### ABOUT THIS EXERCISE
In the material below, the line holding "- Democracy Quotes by George Bernard Shaw" and every line after it should be reproduced exactly, please, with pictures omitted.

>>>>>

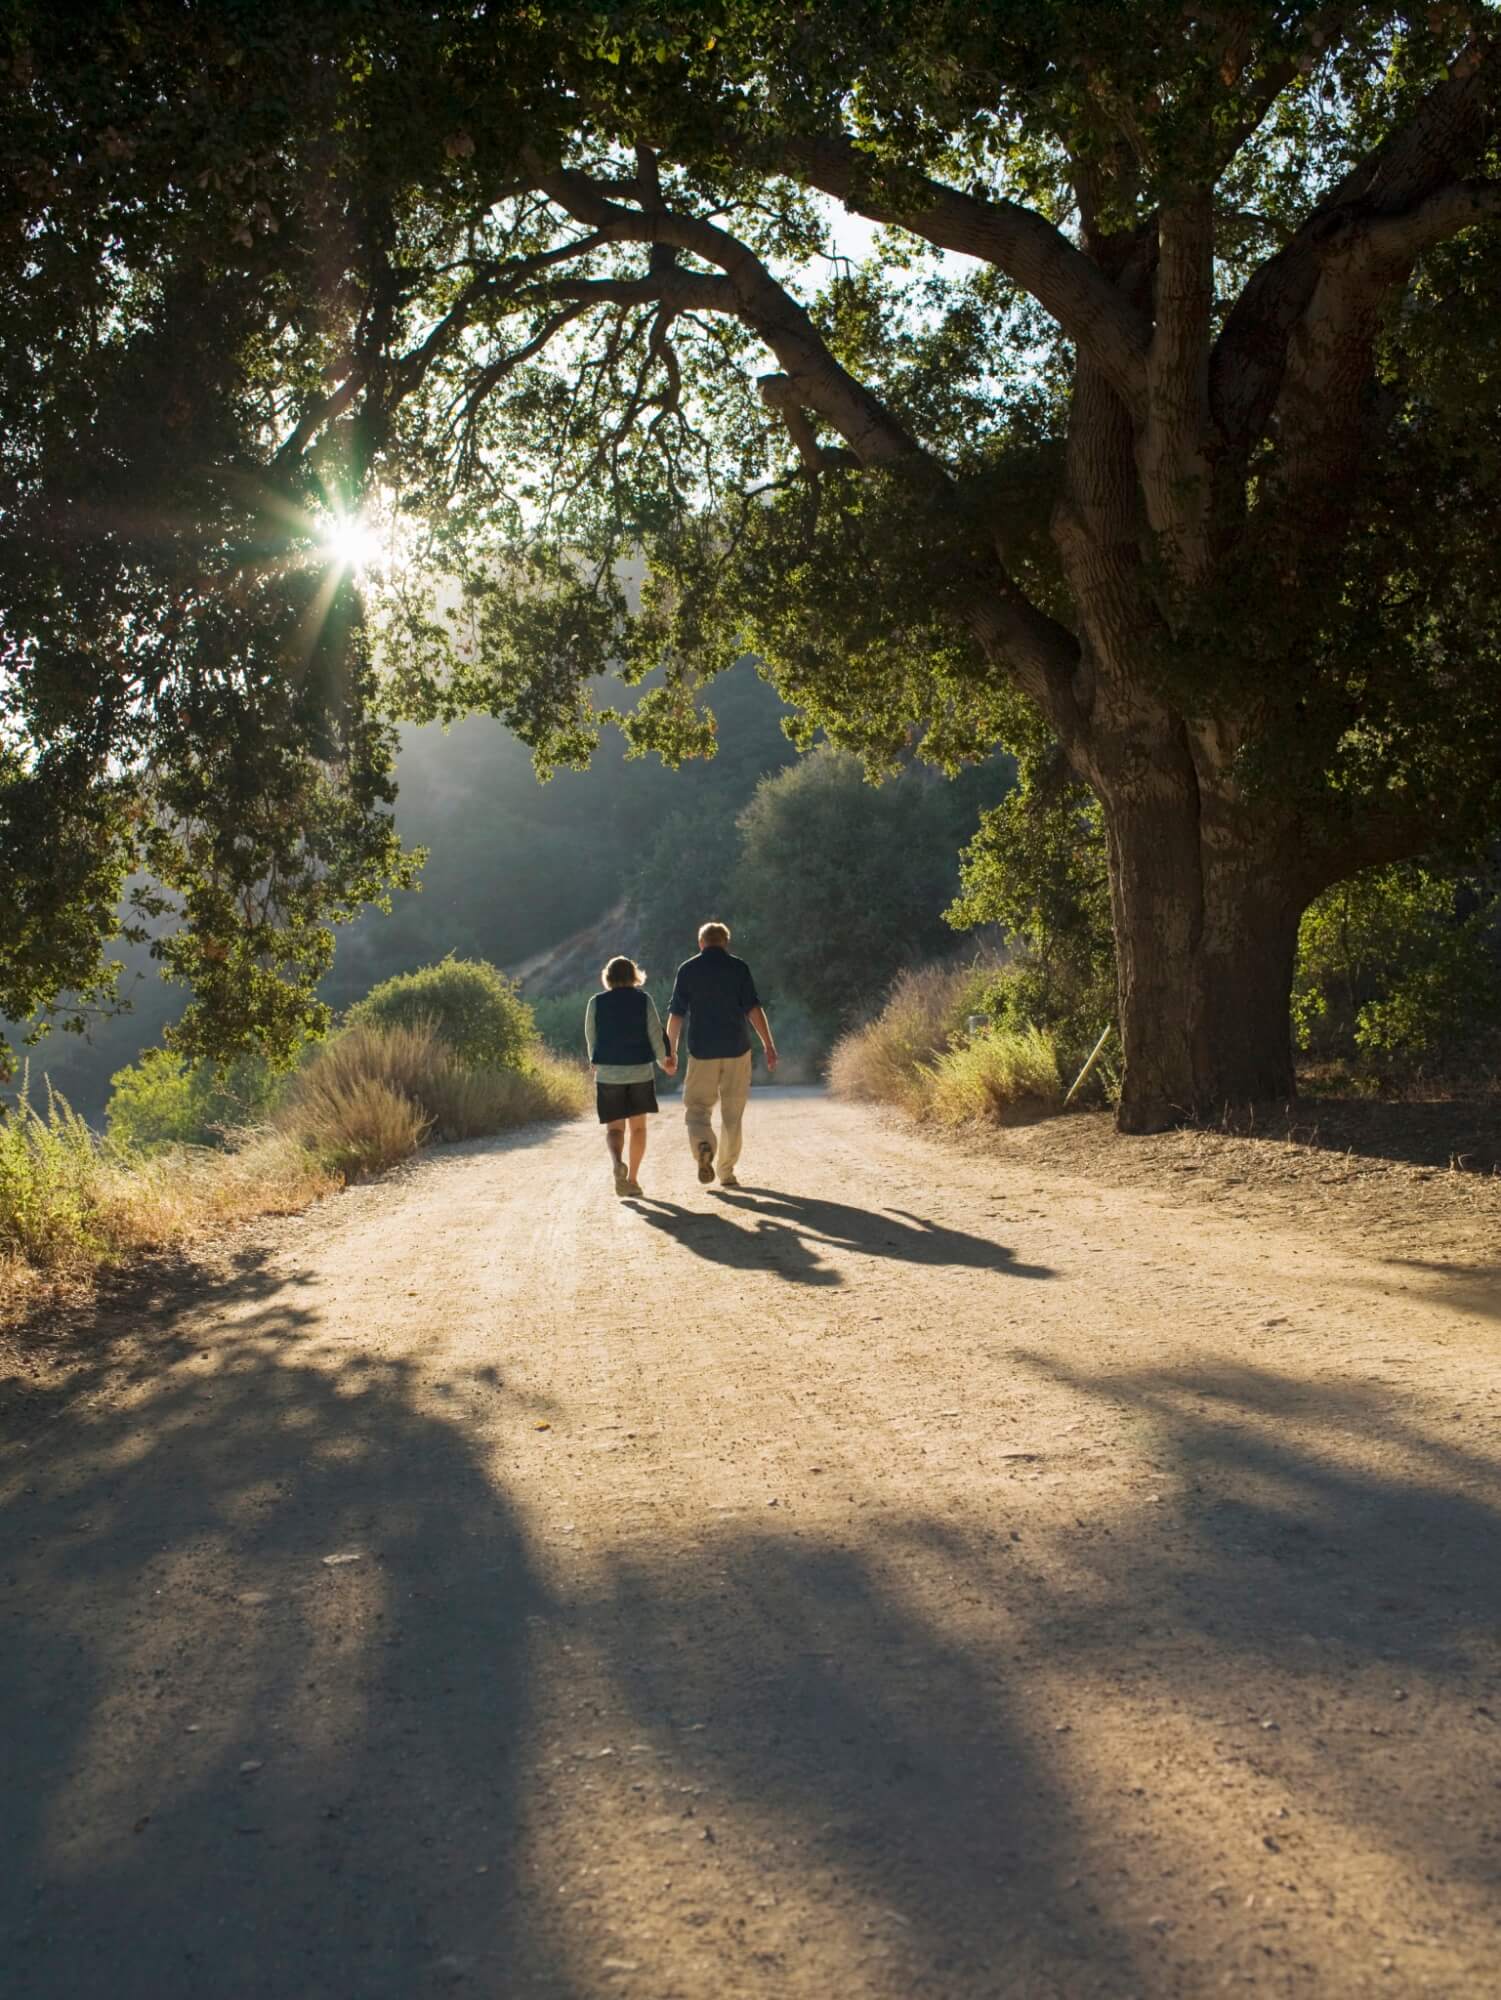 A couple out walking in nature
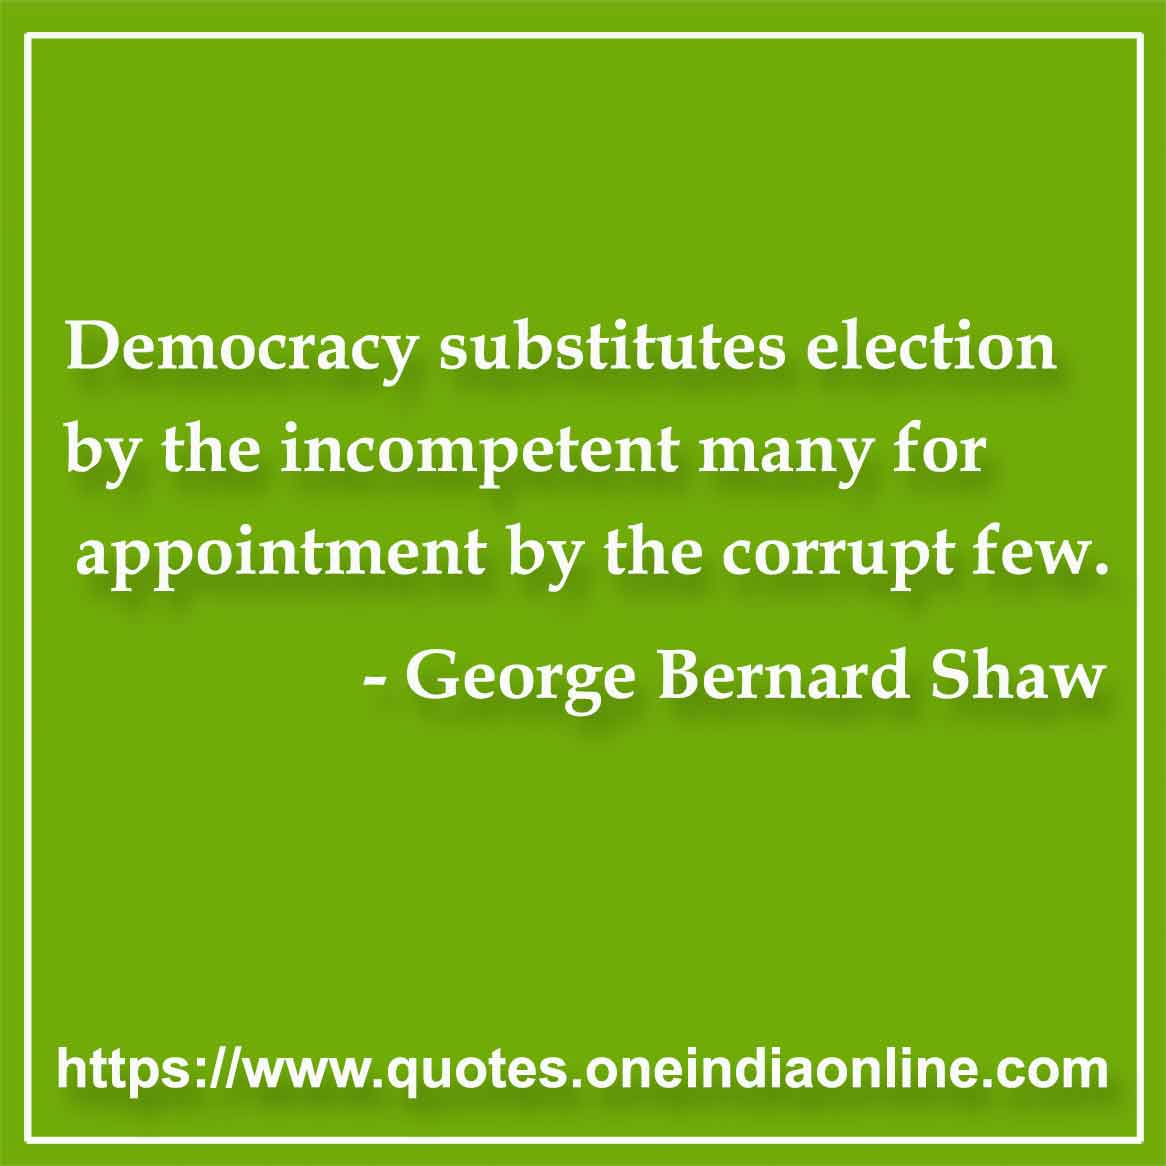 Democracy substitutes election by the incompetent many for appointment by the corrupt few.

- Democracy Quotes by George Bernard Shaw
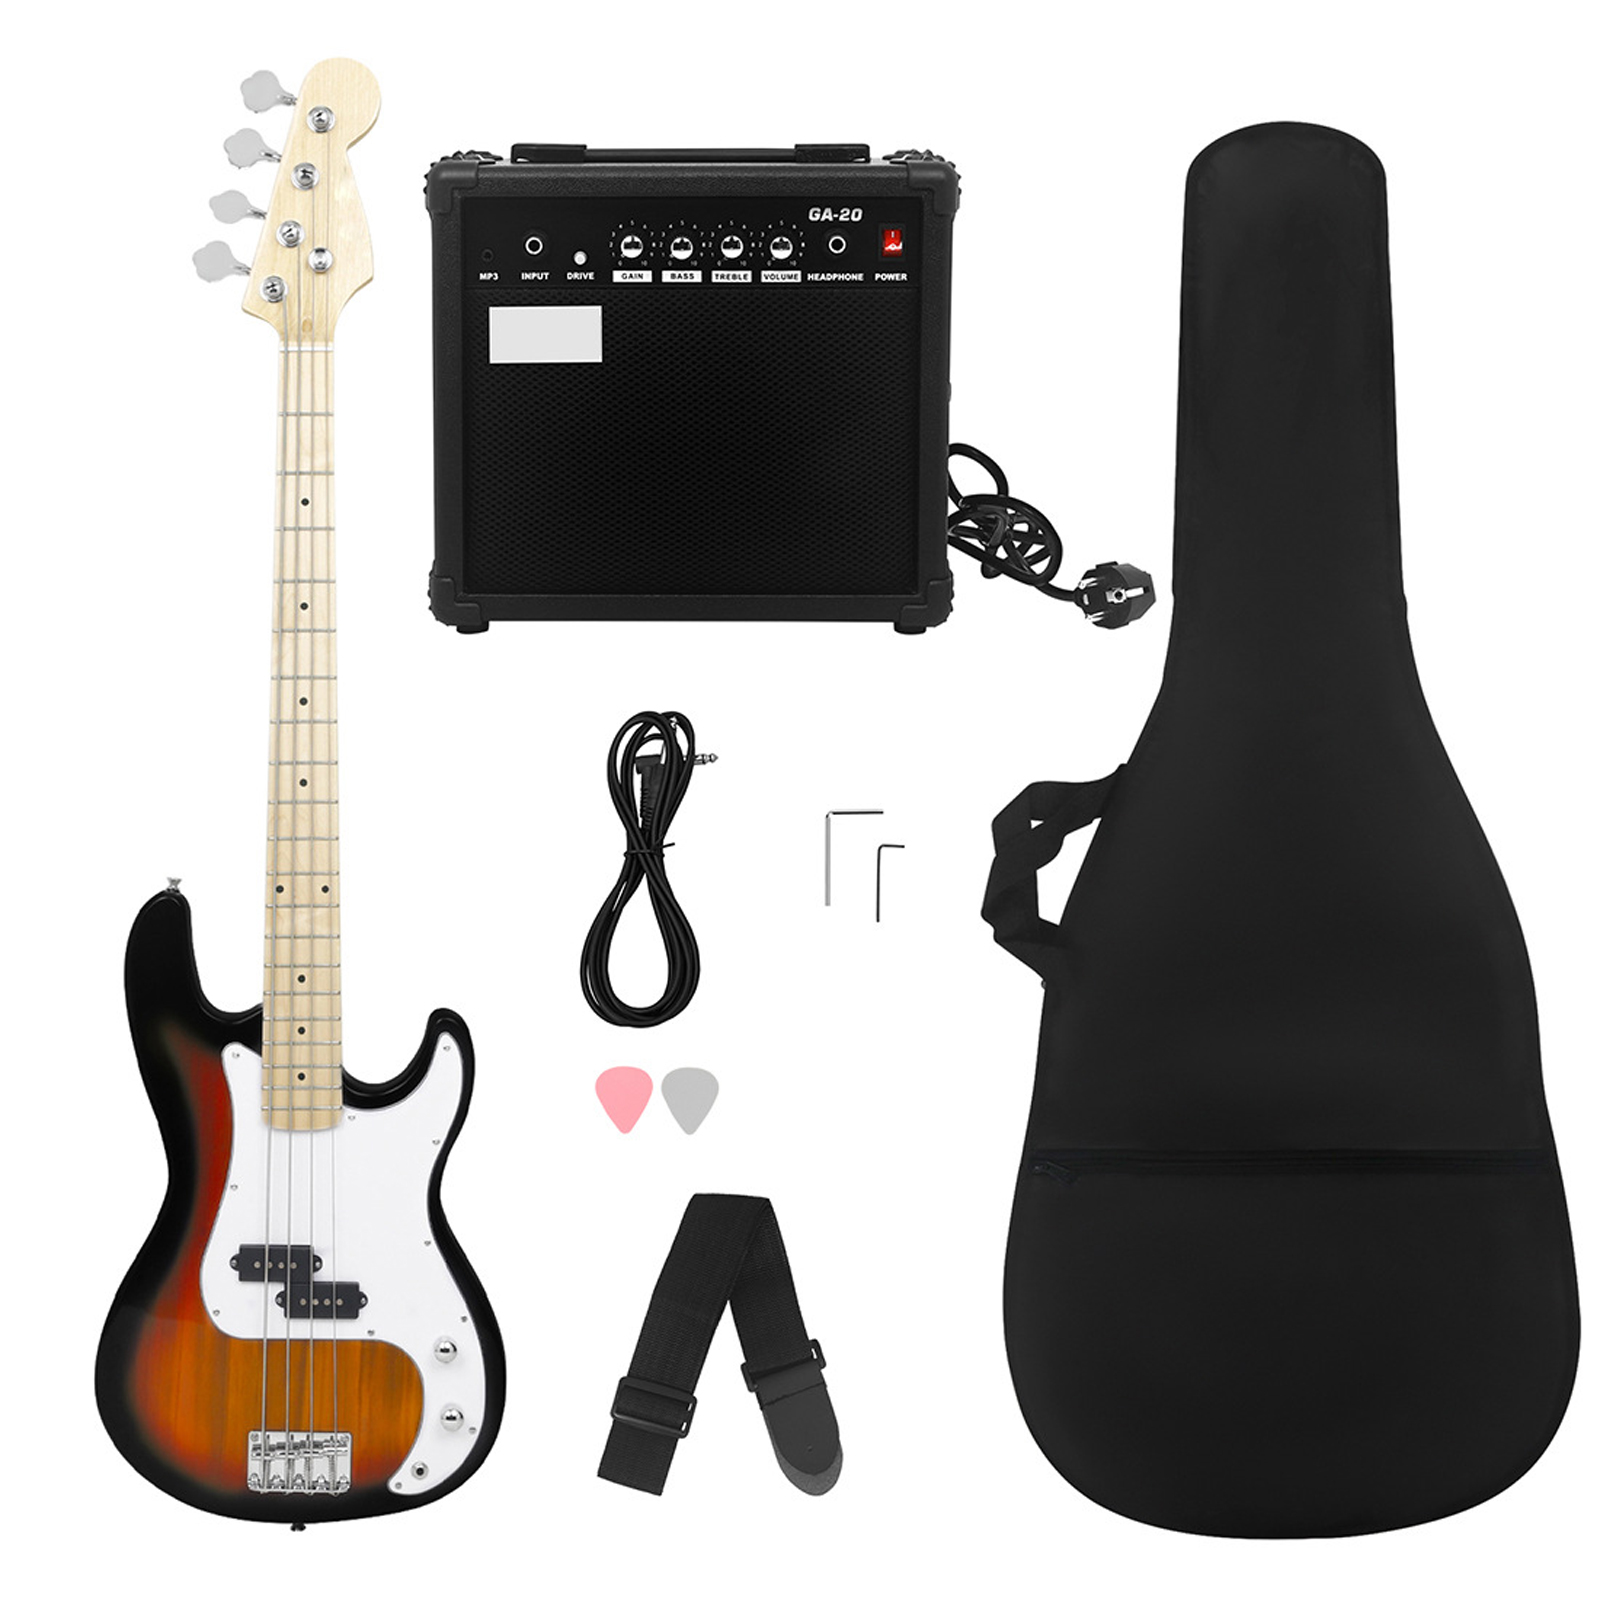 Electric Guitar Professional 4 String Exquisite Stylish Bass Guitar Music Equipment With Power Line Bag Wrench Tool Wood grain
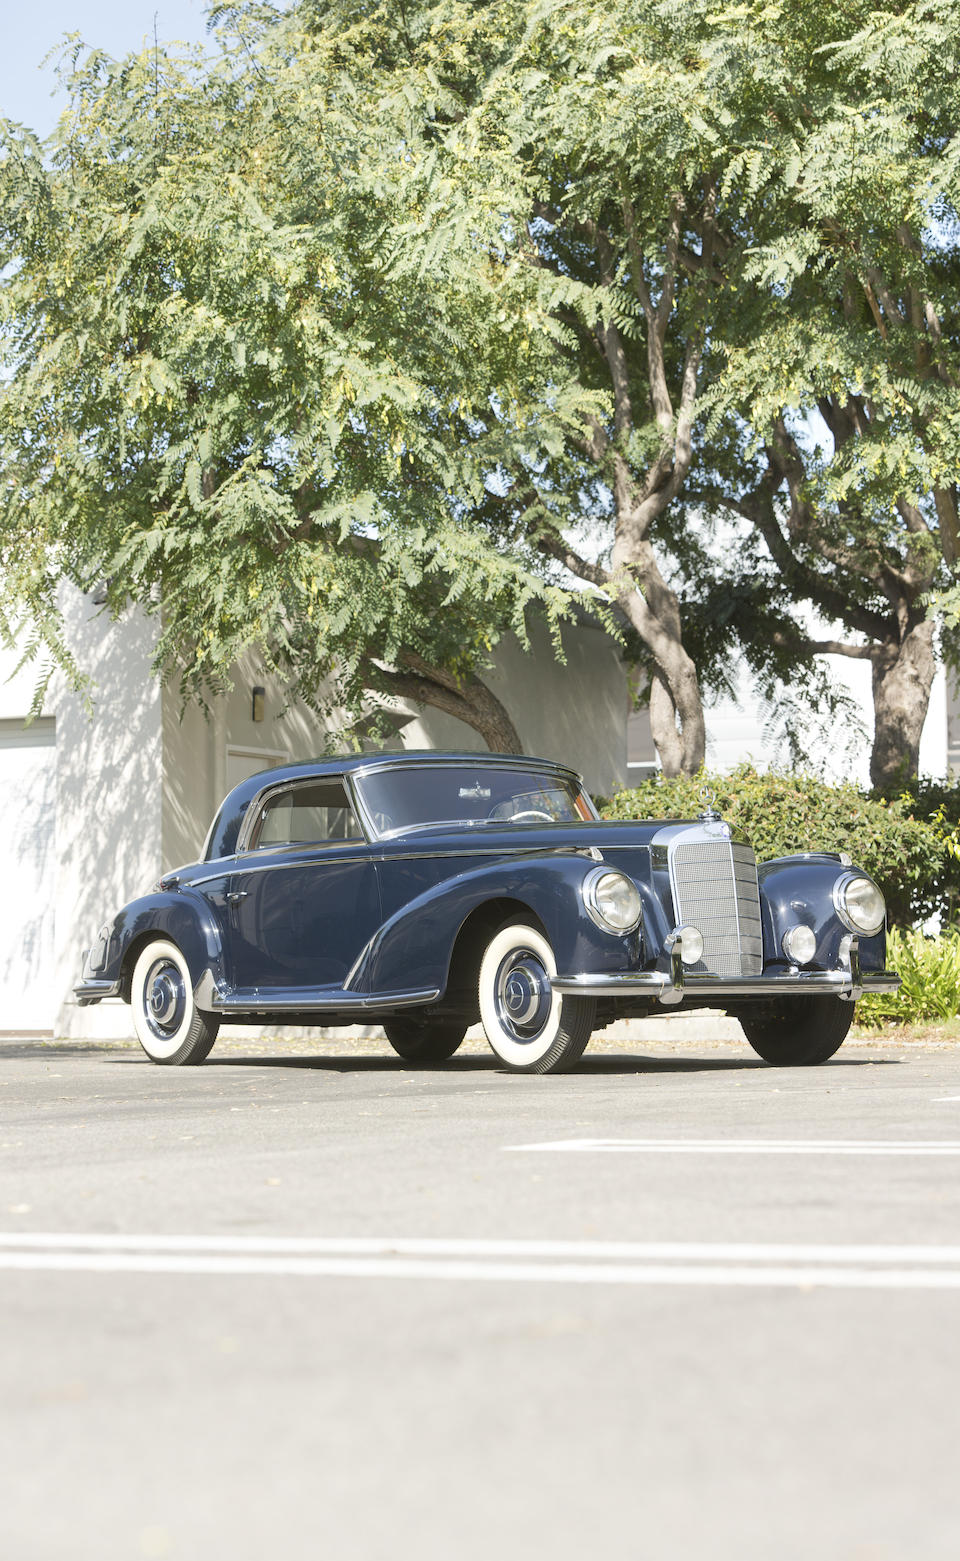 Single family ownership from newOffered from the William M. Keck Estate,1953 Mercedes-Benz 300S Coupe

<<<<<

### RESPONSE TO THE EXERCISE
- Democracy Quotes by George Bernard Shaw
 Electric Guitar Professional 4 String Exquisite Stylish Bass Guitar Music Equipment With Power Line Bag Wrench Tool Wood grain
 Single family ownership from newOffered from the William M. Keck Estate,1953 Mercedes-Benz 300S Coupe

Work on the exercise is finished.